Where the court below has no jurisdiction of the case in any form of proceeding, the regular course, if the judgment or decree is for the defendant or respondent, is to direct the
cause to be dismissed, but if the judgment or decree is for the plaintiff or petitioner, as in this case, the Court here will reverse the judgment or decree and remand the cause with proper directions, which in the case supposed must be to dismiss the writ, libel, or petition, as the subordinate court cannot properly hear and determine the matter in controversy. [Footnote 11]
Viewed in the light of these suggestions, it is quite clear that the decree of the circuit court rendered under the petition of review, must be reversed, and inasmuch as the circuit court has no jurisdiction of the subject matter in that form of proceeding, and that it is now too late to take an appeal from the district court to the circuit court, the cause must be remanded with directions to dismiss the petition.
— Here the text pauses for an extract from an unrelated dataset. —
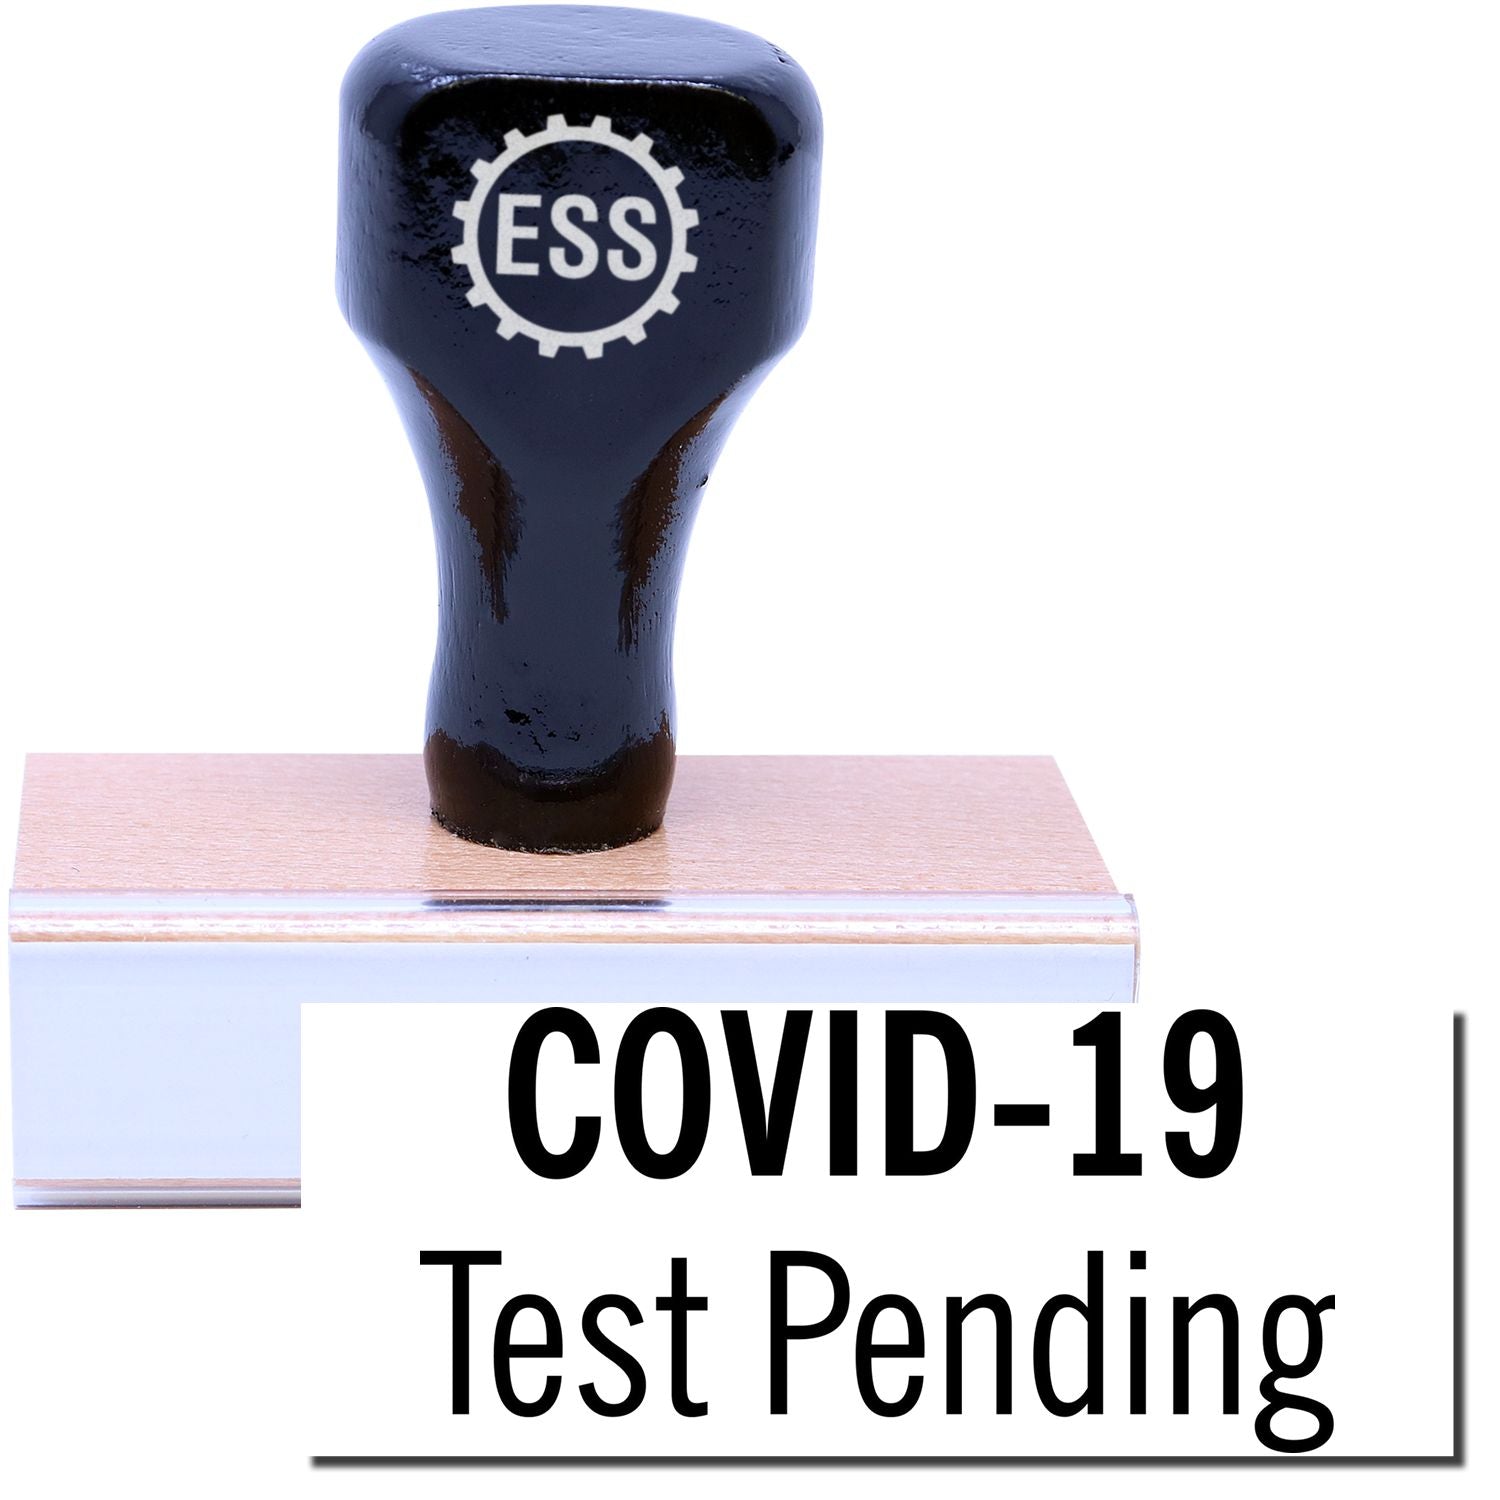 A stock office rubber stamp with a stamped image showing how the text "COVID-19 Test Pending" is displayed after stamping.

Unable to refer the appellee to any legal remedy as matter of right, under the present pleadings it seems to be proper, in the judgment of the whole Court, to suggest that it may be that the district court will grant a review of the decree rendered in that court, if a proper application is presented for that purpose, which would lay the foundation, if it be granted, in case of an adverse decision upon the merits of the case, for a regular appeal to the circuit court.
Decree reversed without costs and the cause remanded with directions to dismiss the petition for want of jurisdiction.
See supra, pp. 90 U. S. 151-152.
2 Stat. at Large 244.
14 Stat. at Large 520.
Morgan v. Thornhill, 11 Wall. 72.
1 Stat. at Large 84.
2 Stat. at Large 244; 1 id. 84.
United States, Lyon v. Huckabee, 16 Wall. 435.
Barnes v. Williams, 11 Wheat. 415; Suydam v. Williamson, 20 How. 441; Carrington v. Pratt, 18 How. 63; Prentice v. Zane, 8 How. 484; Montgomery v. Anderson, 21 How. 388; Mordecai v. Lindsay, 19 How. 200.